On the other hand, Jean-Claude Juncker elegantly navigated his way around the EU's current crisis with the Visegrad countries. He invited eastern European countries to join the Schengen zone and to embrace the euro, but he avoided chiding Poland and Hungary for their disrespect for the rule of law.

That may have been politically smart but it was simply delaying a conflict that the European Commission and EU member states will have to fight out with the mutineers. That bitter fight does not fit the positive image that Juncker sought to paint of Europe's future. But the fight will have to be fought and cannot simply be swept under the rug. It also has a lot of destructive potential.

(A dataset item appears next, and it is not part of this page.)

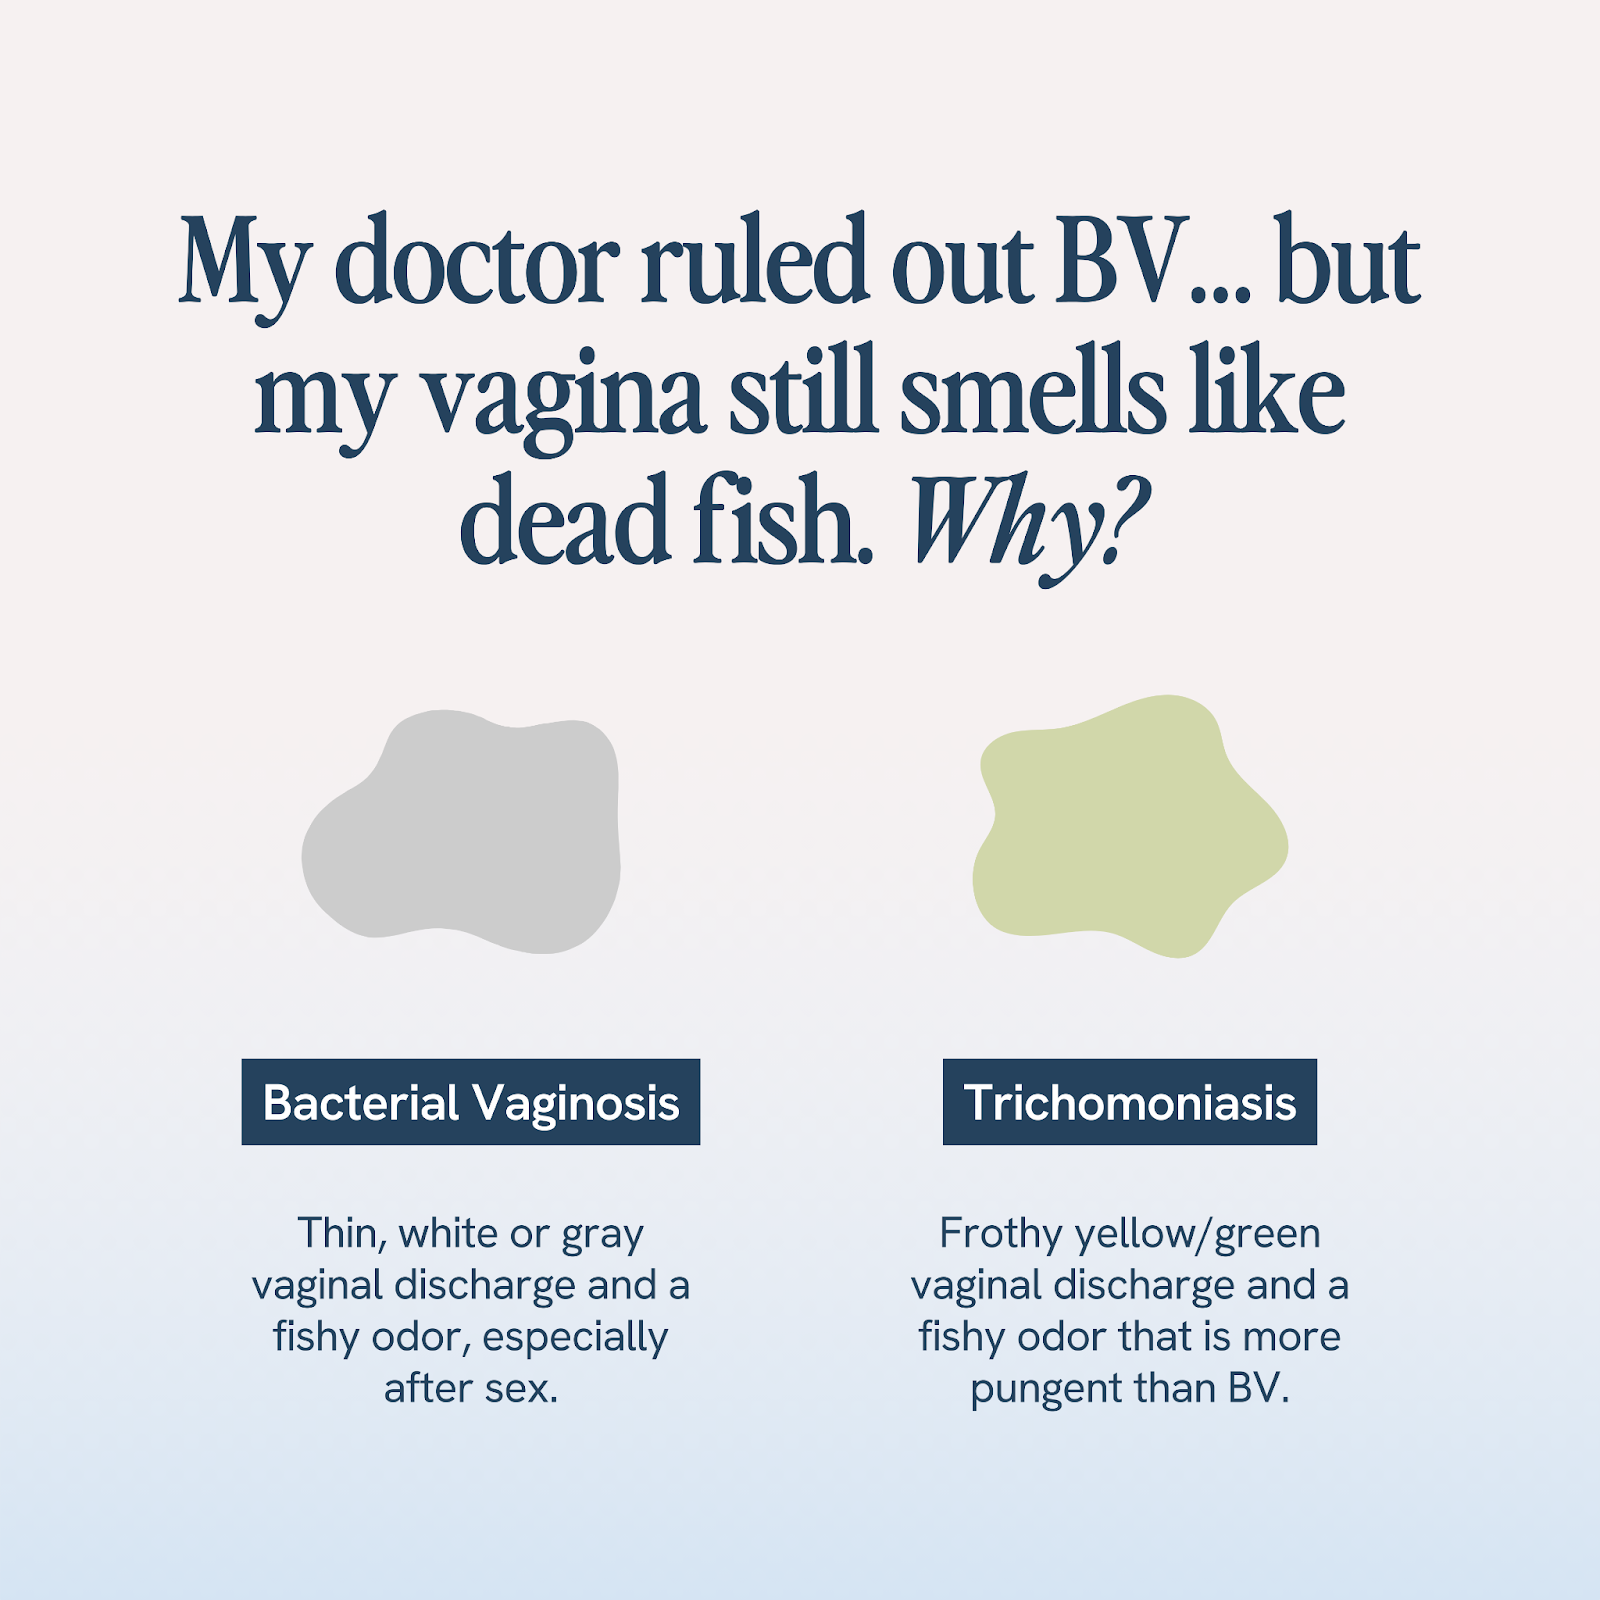 Health graphic titled 'My doctor ruled out BV... but my vagina still smells like dead fish. Why?' with two contrasting colored blobs highlighting 'Bacterial Vaginosis' with symptoms of thin, white or gray discharge and fishy odor, and 'Trichomoniasis' with symptoms of frothy yellow/green discharge with a stronger fishy odor

Read more: Slovakia eyes kingpin Visegrad role amid EU tensions

Clear stance toward Turkey

By renouncing EU membership for Turkey, Juncker was voicing the opinion held by most Europeans. And he didn't mince words on the subject. He called for the release of imprisoned journalists and an end to shameless insults directed at European governments.

At the same time, Juncker refused to give Turkish President Recep Tayyip Erdogan the opportunity to blame Europe for breaking off accession talks. He clearly reiterated that Europeans were still extending a hand to Turkey's democrats.

He also said that accession negotiations will remain right where they are - on ice.There was no mention of the end of negotiations being called for in German election campaigns. The majority of EU member states support this diplomatic course despite the fact that Turkey's violations of the rule of law are seen as utterly incompatible with European values.

Setting sail together

It was a speech that pleased many, and that is exactly what it was intended to do. It contained offers in all directions; investor protection vis-a-vis China for French President Macron, praise for Italy's support in the refugee crisis, aid for Africa and a number of measures designed to strengthen Europe internally. Among those measures was a sort of European FBI as well as a consolidation of presidential posts within Europe.

A number of Juncker's proposed measures will likely fall flat in light of EU member state resistance. Nevertheless, the basic idea is a good one. Brexit has forced Europe closer together and has increased appreciation for the value of the EU. The Union should use its solid economic situation and its freedom to act to push through necessary reforms. Because every sailor knows – a good wind is always followed by a lull.